We are finally training AI professionals in the cities where the new jobs will be. NEOM, the Red Sea, Asir, all of these need local talent.

Dr. Latifah Almulhim, Senior Workforce Advisor, Saudi Ministry of Human Resources

What this means for hiring markets

Gulf AI employers outside Saudi Arabia will feel this. Tuwaiq graduates are already being recruited actively by UAE and Qatar firms, and the expansion increases that pool substantially. Expect regional salaries for mid-level AI roles to flatten or compress slightly in 2027, a welcome shift for employers who have been paying aggressive premiums since 2023.

Related coverage: Oman's 30,000 AI jobs plan, UAE AI talent doubling, and AI for HR in the Gulf.

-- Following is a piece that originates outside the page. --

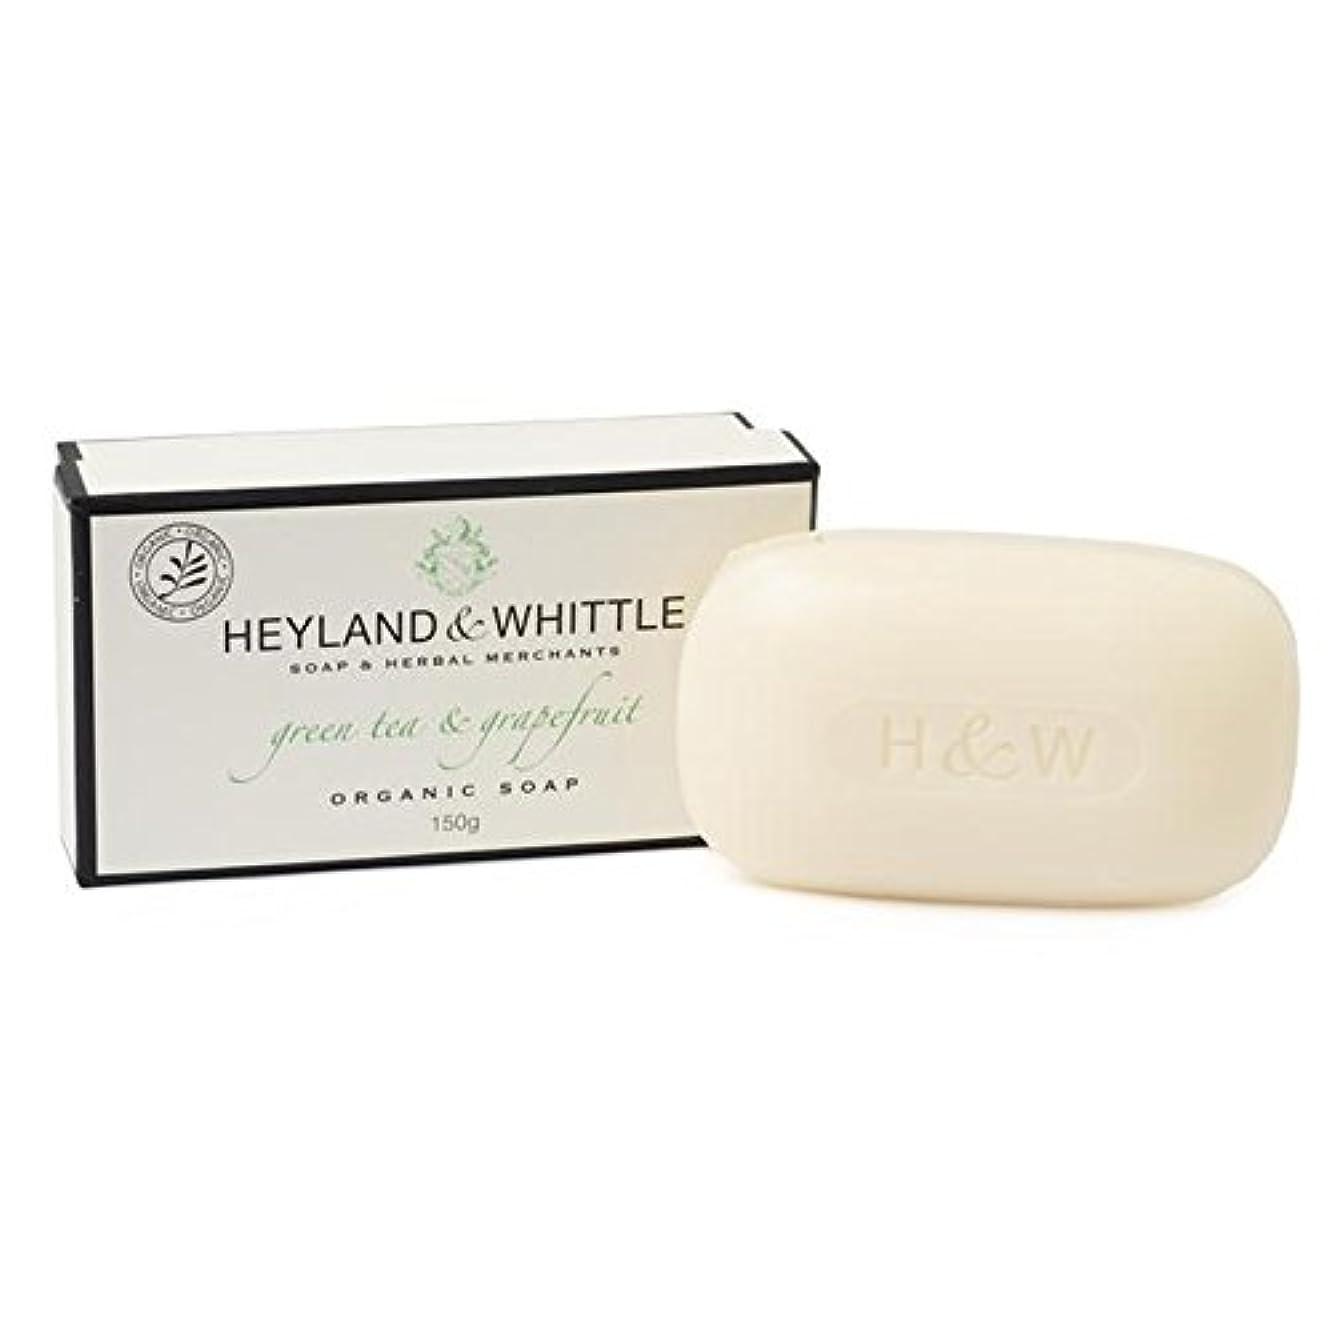 分析的意外防衛&削る緑茶&グレープフルーツはオーガニックソープ150グラム箱入り x4 - Heyland & Whittle Green Tea & Grapefruit Boxed Organic Soap 150g (Pack...

Building a Regional AI Talent Pipeline

Tuwaiq Academy's expansion represents perhaps the most systematic attempt by any MENA government to build domestic AI talent at scale. By moving beyond Riyadh into twelve regions, SDAIA is addressing a fundamental challenge that has plagued Gulf AI ambitions: the concentration of technology talent in capital cities while the broader population remains disconnected from the digital economy.

International Partnerships and Curriculum

The academy's curriculum has been developed in collaboration with international technology companies and universities, ensuring that graduates emerge with skills that are immediately applicable in commercial settings. Partnerships with Coursera and leading Saudi universities provide pathways from bootcamp completion to formal credentials, creating a structured talent development pipeline that other Gulf states have struggled to replicate.

The Broader Saudi AI Workforce Strategy

Tuwaiq Academy sits within a broader ecosystem of Saudi AI talent initiatives. The Kingdom aims to train 100,000 AI and data professionals by 2030, supported by programmes including the SDAIA Fellowship, university partnerships with KAUST and King Fahd University of Petroleum and Minerals, and private sector training mandates for companies operating in the technology sector. The twelve-region expansion of Tuwaiq is the most visible component of this strategy, but the overall programme is considerably more ambitious than any single academy can deliver alone.

The AI in Arabia View: Saudi's AI workforce plan has always looked ambitious on paper. The Tuwaiq expansion is the first evidence that delivery logistics are catching up to the announcements. Twelve regional campuses is a realistic step change, not a press release. The open questions are instructor quality in the smaller cities, partner follow-through, and whether the 40,000 target absorbs the cohorts into productive roles rather than government adjacency. On all three, the signal is encouraging. Watch the Q3 2026 intake numbers from Tabuk and Abha. If those regions produce employable cohorts, the model works. If graduates end up back in Riyadh anyway, something is still wrong.
AI Terms in This Article 4 terms
machine learning

Software that improves at tasks by learning from data rather than being explicitly programmed.

NLP

Natural Language Processing, the field of teaching computers to understand and generate human language.

at scale

Applied broadly, to a large number of users or use cases.

ecosystem

A network of interconnected products, services, and stakeholders.

Frequently Asked Questions

Is Tuwaiq Academy free?
For Saudi nationals, yes. The bootcamps are tuition-free and include a monthly stipend during training. Non-Saudi participants pay tuition and are admitted via a separate track with limited slots.
How selective are the AI bootcamps?
Highly selective. Tuwaiq's flagship AI programme receives roughly eight applicants per seat. Selection is based on aptitude assessments, technical interviews, and a structured interview.
Do Tuwaiq graduates work only in Saudi Arabia?
Most do, but regional employers increasingly recruit Tuwaiq alumni. UAE and Qatar companies are active, and a smaller number of graduates move internationally.
How is Tuwaiq different from university degree programmes?
Shorter, more applied, and tied directly to industry hiring. Tuwaiq is complementary to university programmes, and many graduates hold a bachelor's degree before entering the bootcamp.
What AI specialisations does Tuwaiq cover?
Applied machine learning, NLP with Arabic focus, computer vision, data engineering, MLOps, and more recently LLM fine-tuning and agent engineering.